L'affirmation de Garlinghouse selon laquelle la cryptomonnaie est un phénomène de masse est une interprétation de l'estimation de la propriété. L'enquête sous-jacente fournit des preuves d'une participation large, mais « phénomène de masse » n'a pas de définition statistique unique.
Washington confronté à des tests de la portée politique de la cryptomonnaie
Les commentaires de Garlinghouse sont intervenus alors que l'administration pressait le Congrès de faire avancer la loi CLARITY, un cadre fédéral proposé pour diviser la surveillance de la cryptomonnaie entre la SEC et la CFTC.
Le Sénat doit faire face à un test procédural le 15 septembre. La motion nécessiterait 60 voix et ne ferait que commencer l'examen formel, sans approuver la législation.
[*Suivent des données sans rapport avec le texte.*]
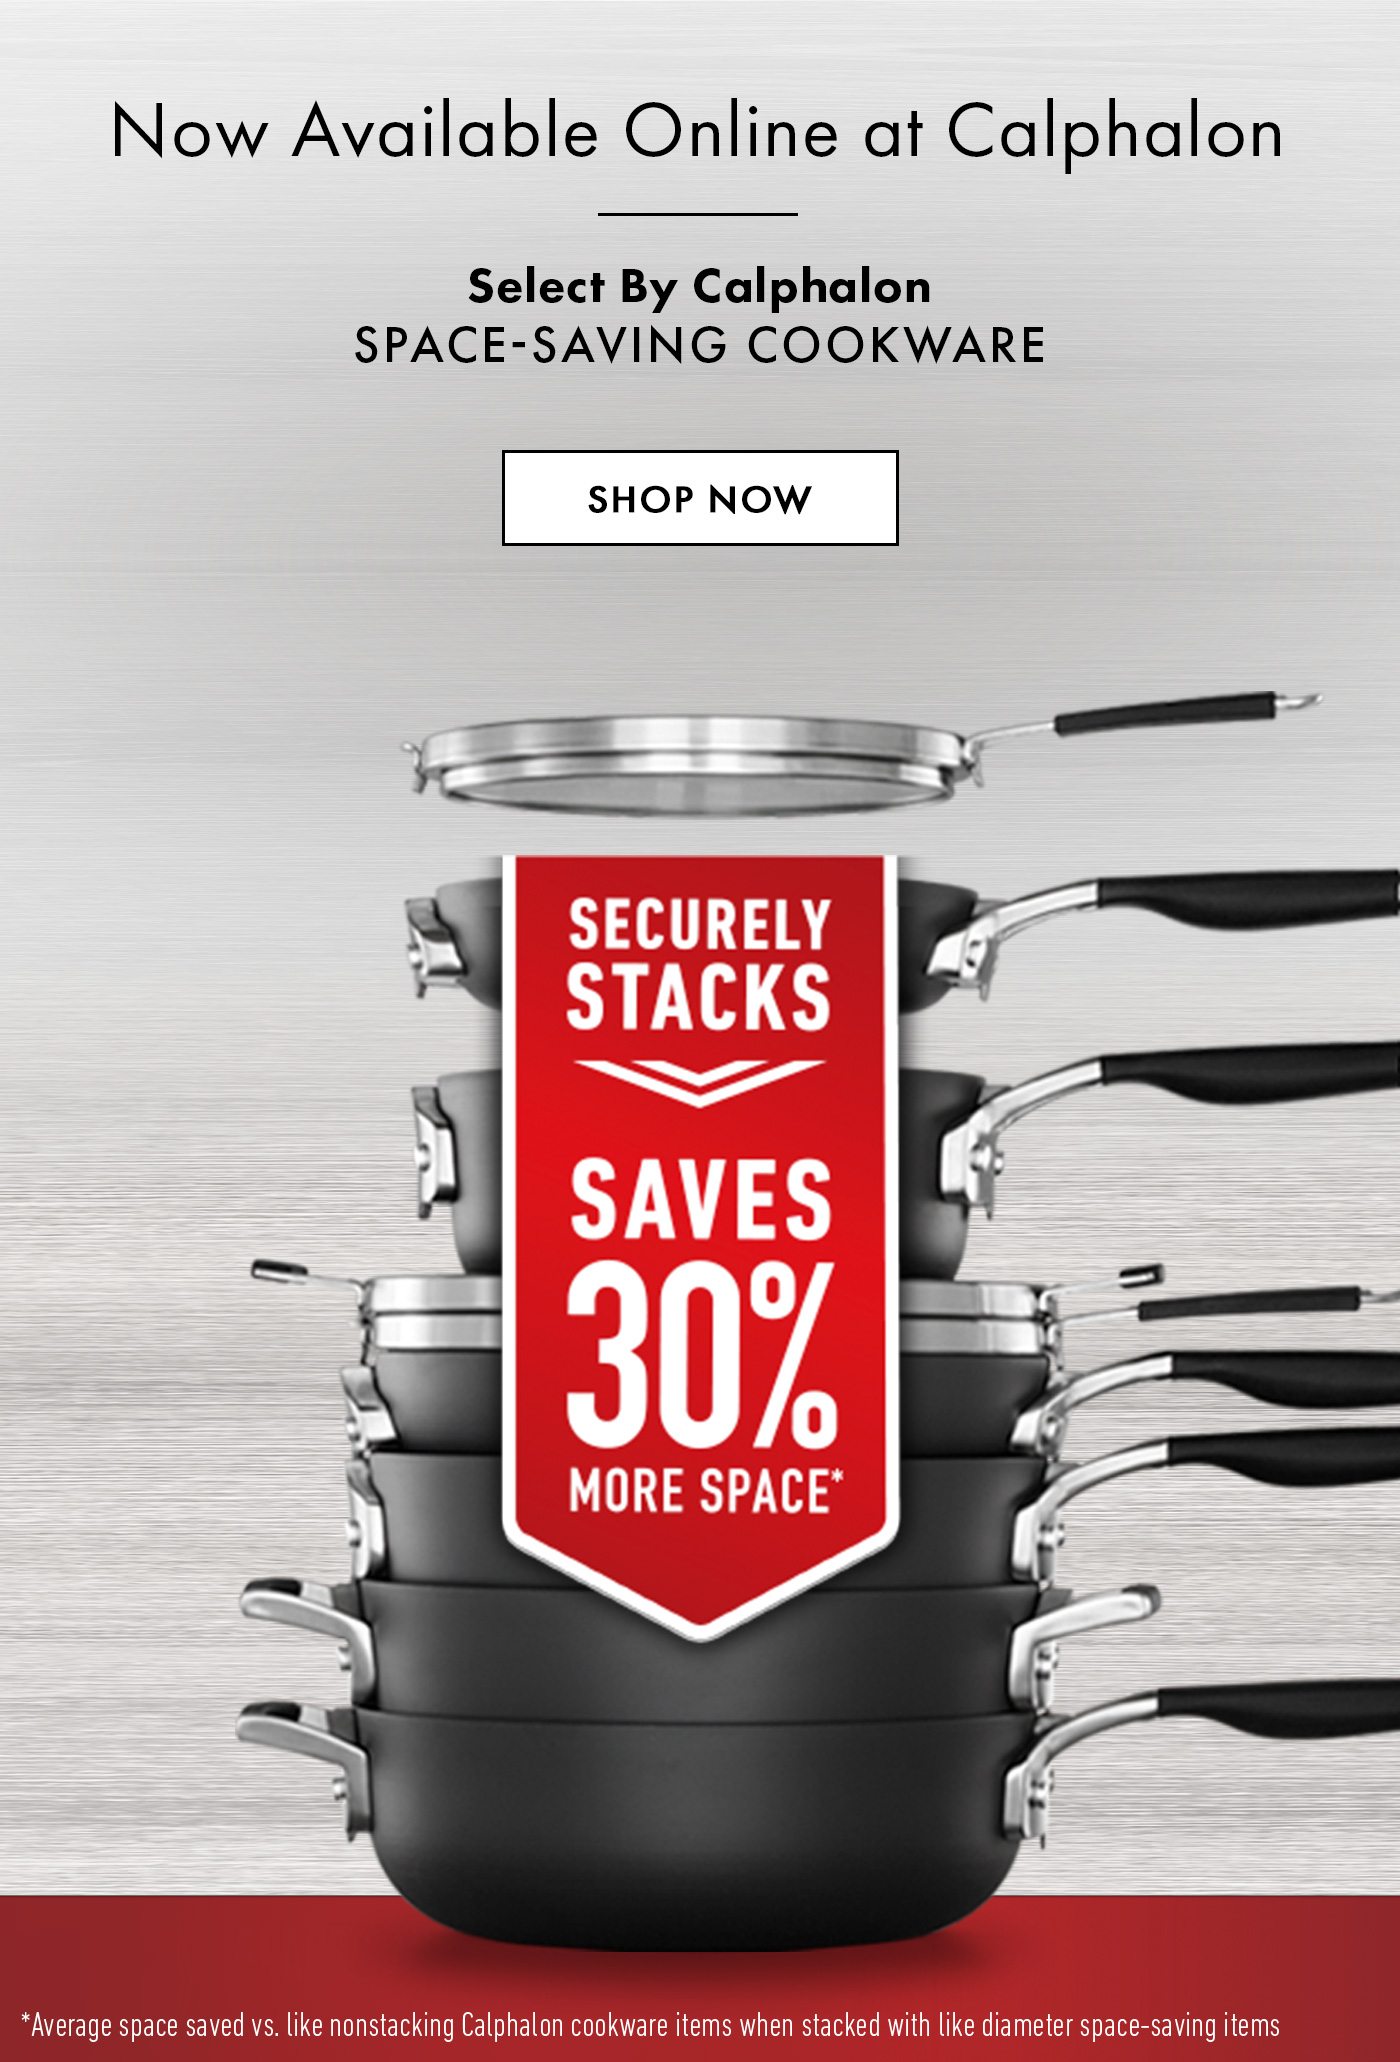 Now Available Online at Calphalon. Select By Calphalon SPACE-SAVING COOKWARE. Shop Now

Les restrictions éthiques, les récompenses en stablecoin et les garanties contre la criminalité financière restent contestées.
Comme l'a rapporté crypto.news, le vote de septembre sur la loi CLARITY fait face à des attentes en baisse alors que les élections de mi-mandat de novembre réduisent le temps législatif disponible au Sénat.
La SEC agit également de manière indépendante. Le 18 août, elle a proposé le règlement sur les actifs cryptographiques, qui créerait des exemptions d'enregistrement sur mesure pour certaines offres de contrats d'investissement en cryptomonnaie.
Une exemption permettrait des offres éligibles jusqu'à 5 millions de dollars sur quatre ans. Une autre couvrirait des offres jusqu'à 75 millions de dollars sur une période de 12 mois, sous réserve de conditions de divulgation et de rapport.
La proposition de la SEC reste ouverte aux commentaires du public et n'est pas encore contraignante. Le vote procédural du Congrès du 15 septembre offrira la prochaine mesure plus claire de savoir si une large base de propriétaires peut se traduire par un soutien bipartisan pour une législation permanente du marché.